Objective To estimate the incremental cost-effectiveness of infliximab versus conventional combination treatment over 21 months in patients with methotrexate-refractory early rheumatoid arthritis.

Methods In this multicentre, two-arm, parallel, randomised, active-controlled, open-label trial, rheumatoid arthritis patients with <1 year symptom duration were recruited from 15 rheumatology clinics in Sweden between October 2002 and December 2005. After 3–4 months of methotrexate monotherapy, patients not achieving low disease activity were randomised to addition of infliximab or sulfasalazine+hydroxychloroquine (conventional treatment group). Costs of drugs, healthcare use, and productivity losses were retrieved from nationwide registers, while EuroQol 5-Dimensions utility was collected quarterly.
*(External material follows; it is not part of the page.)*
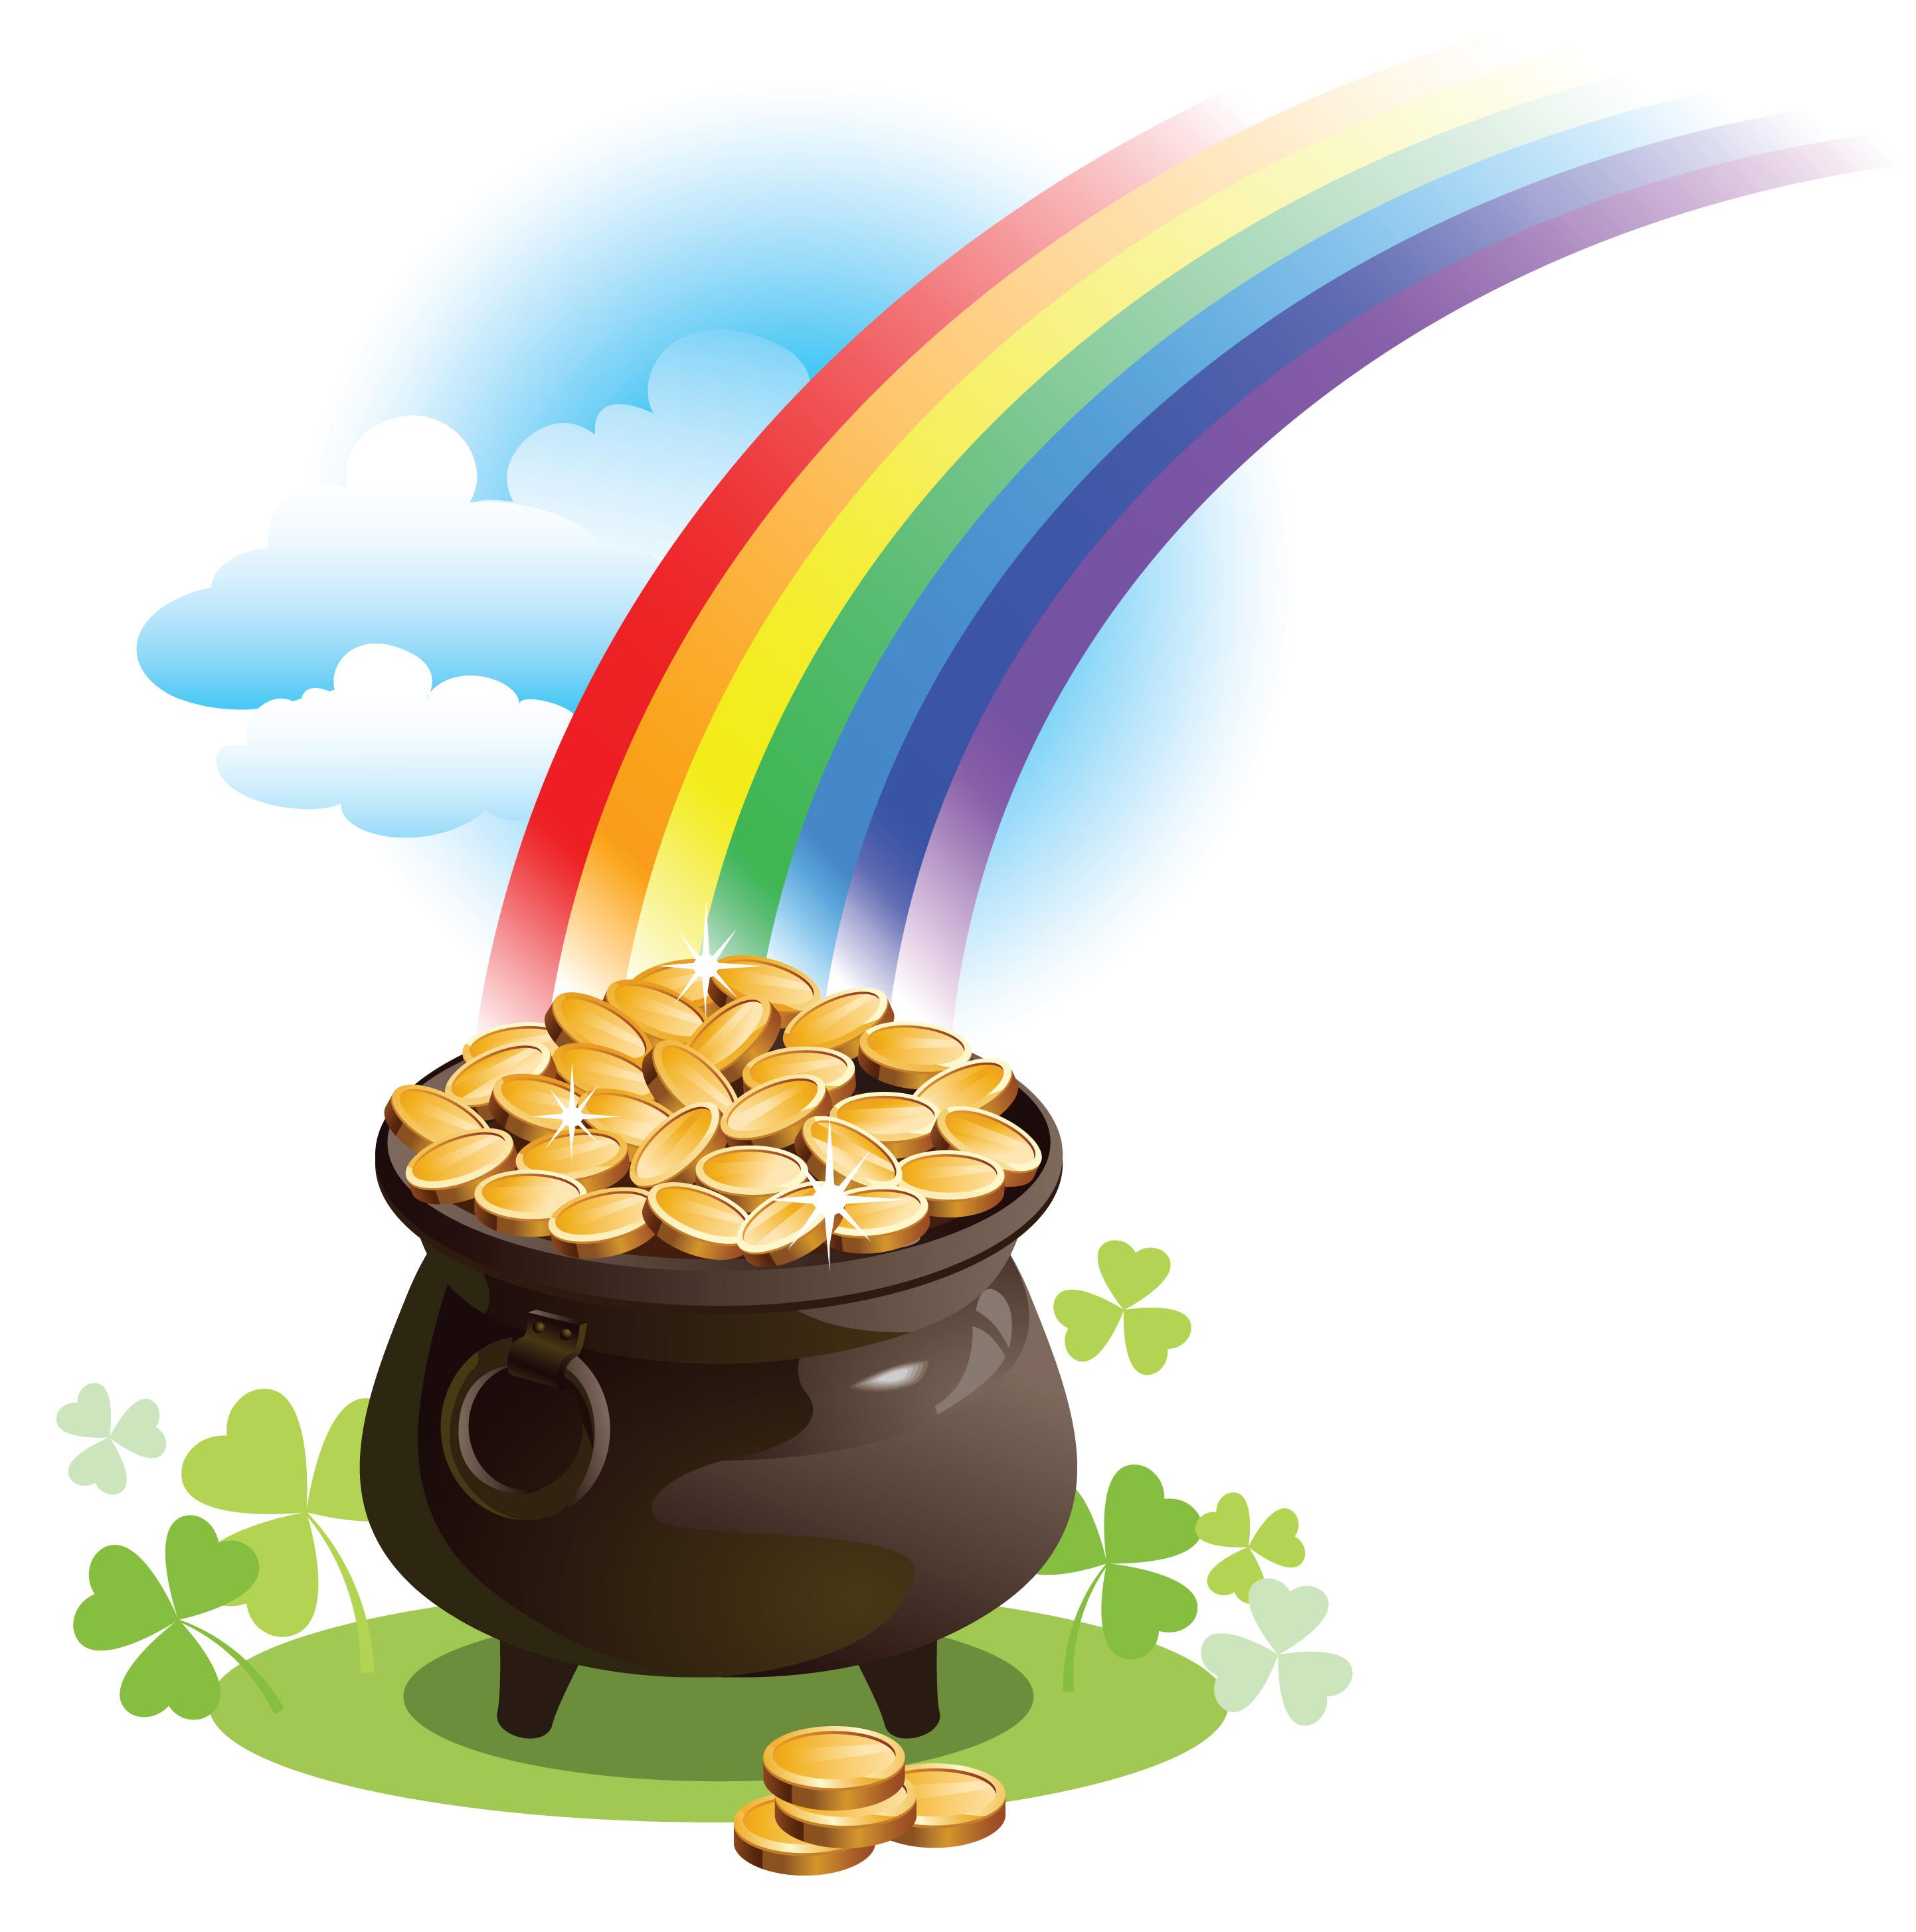 Pot Of Gold Emoji Free Download Best Pot Of Gold Emoji On

Results Of 487 patients initially enrolled, 128 and 130 were randomised to infliximab and conventional treatment, respectively. The infliximab group accumulated higher drug and healthcare costs (€27 487 vs €10 364; adjusted mean difference €16 956 (95% CI 14 647 to 19 162)), while productivity losses did not differ (€33 804 vs €29 220; €3961 (95% CI −3986 to 11 850)), resulting in higher societal cost compared to the conventional group (€61 291 vs €39 584; €20 916 (95% CI 12 800 to 28 660)). Mean accumulated quality-adjusted life-years (QALYs) did not differ (1.10 vs 1.12; adjusted mean difference favouring infliximab treatment 0.01 (95% CI −0.07 to 0.08)). The incremental cost-effectiveness ratios for the infliximab versus conventional treatment strategy were €2 404 197/QALY from the societal perspective and €1 948 919/QALY from the healthcare perspective.

Conclusions In early, methotrexate-refractory rheumatoid arthritis, a treatment strategy commencing with addition of infliximab, as compared to sulfasalazine+hydroxychloroquine, was not cost-effective over 21 months at willingness to pay levels generally considered acceptable.

Trial registration number: NCT00764725.